What you have to do: Leaving out all pictures, copy the lines below exactly, from the line with "2020年乡村振兴传播影响力评价榜单发布,毕节市获地级排名第一名 – 69农业规划设计.兆联顾问公司" to the last line, both ends included.

Given data:

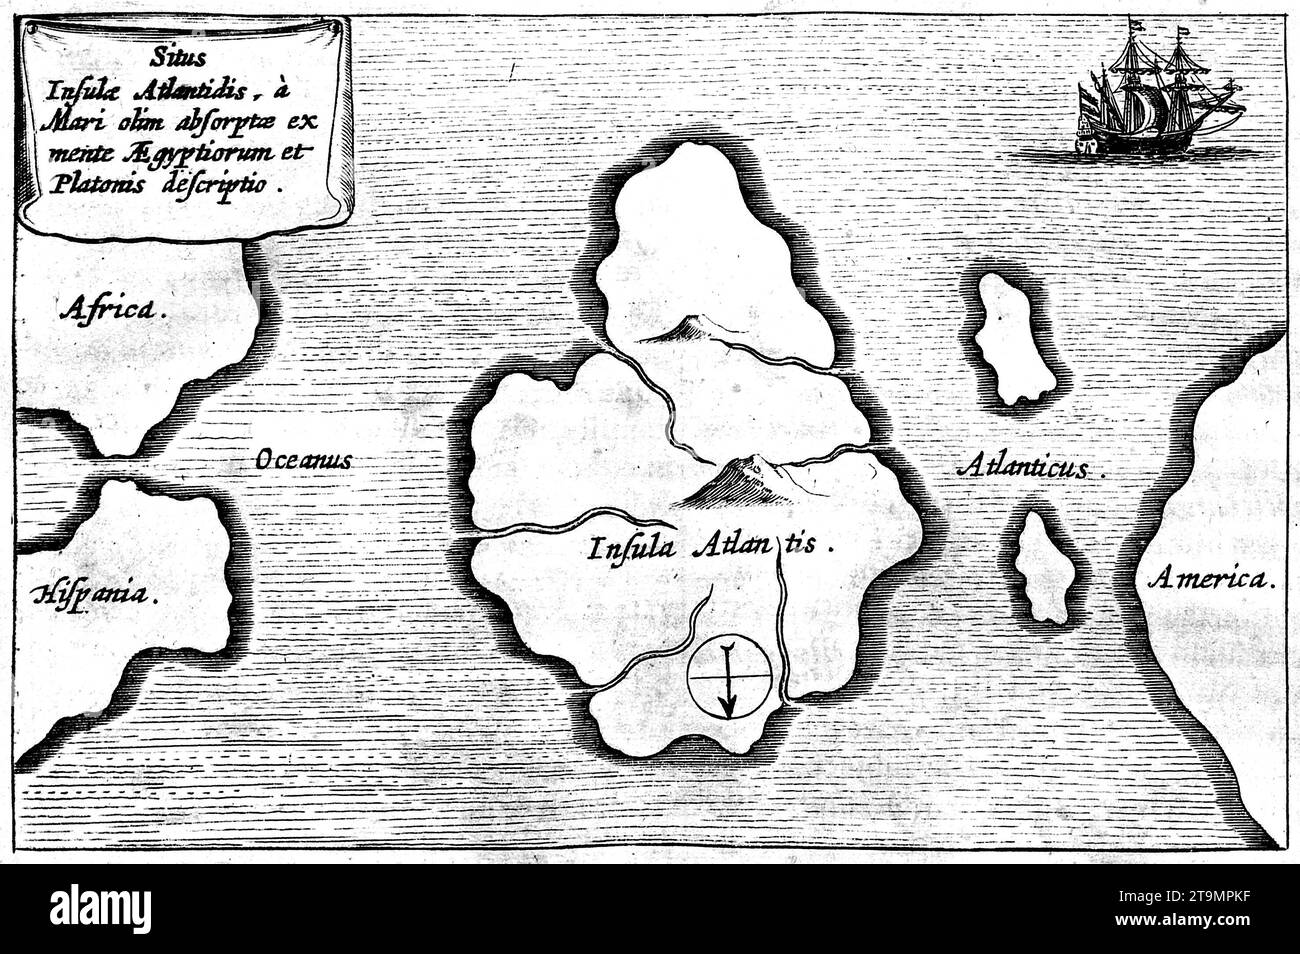 Atlántida. Mapa de Athanasius Kircher de la Atlántida, colocándola en medio del Océano Atlántico, de Mundus Subterraneus 1669, publicado en Amsterdam Foto de stock
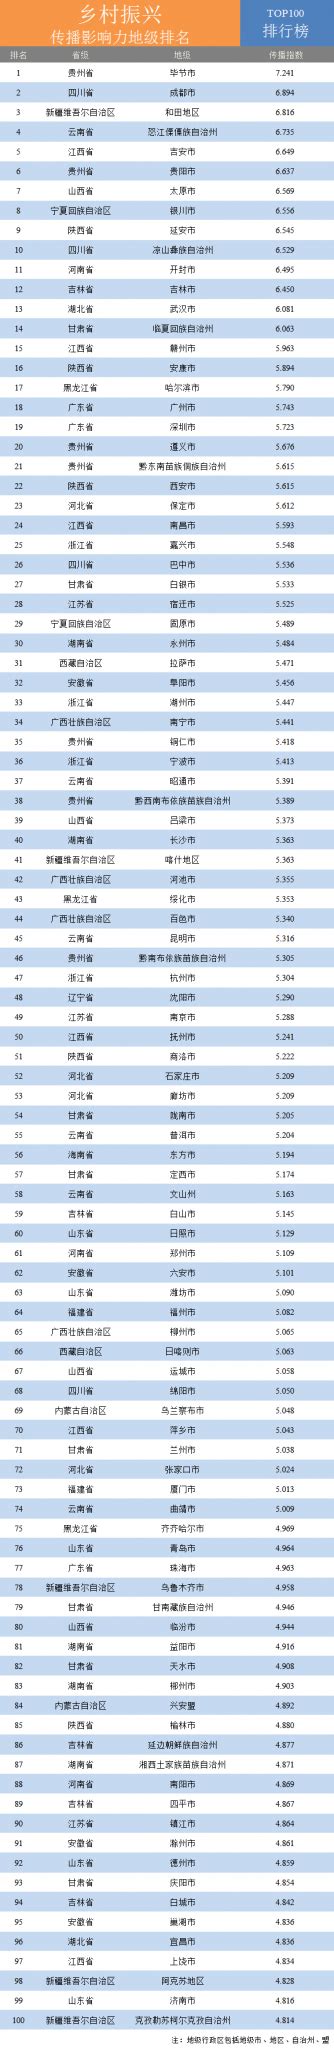 2020年乡村振兴传播影响力评价榜单发布,毕节市获地级排名第一名 – 69农业规划设计.兆联顾问公司
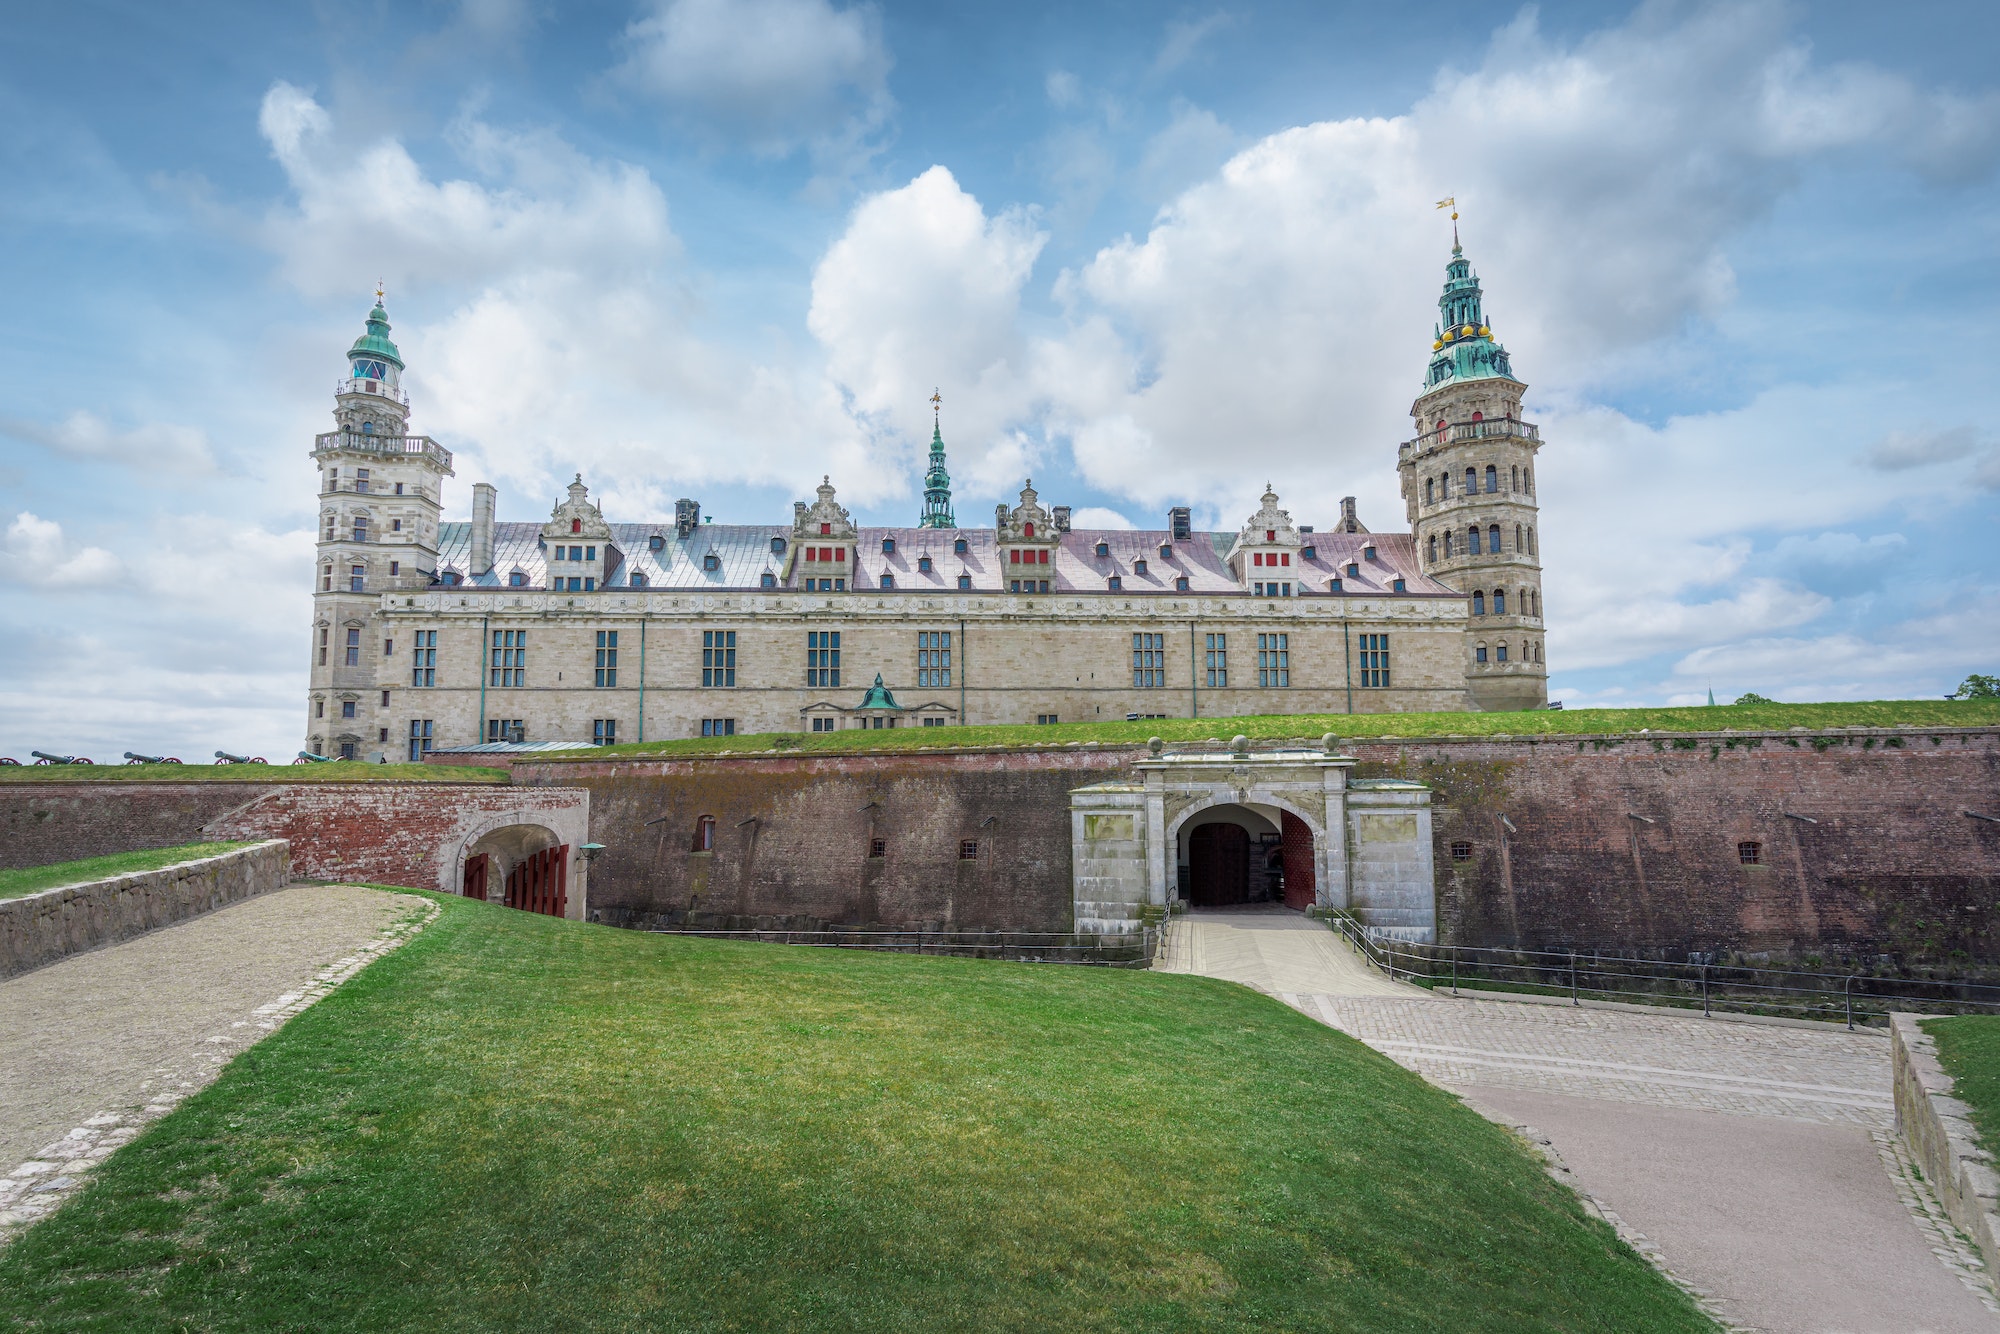 Kronborg Castle - the castle where the Shakespeare play Hamlet takes place - Helsingor, Denmark

Answer section:
 2020年乡村振兴传播影响力评价榜单发布,毕节市获地级排名第一名 – 69农业规划设计.兆联顾问公司
 Kronborg Castle - the castle where the Shakespeare play Hamlet takes place - Helsingor, Denmark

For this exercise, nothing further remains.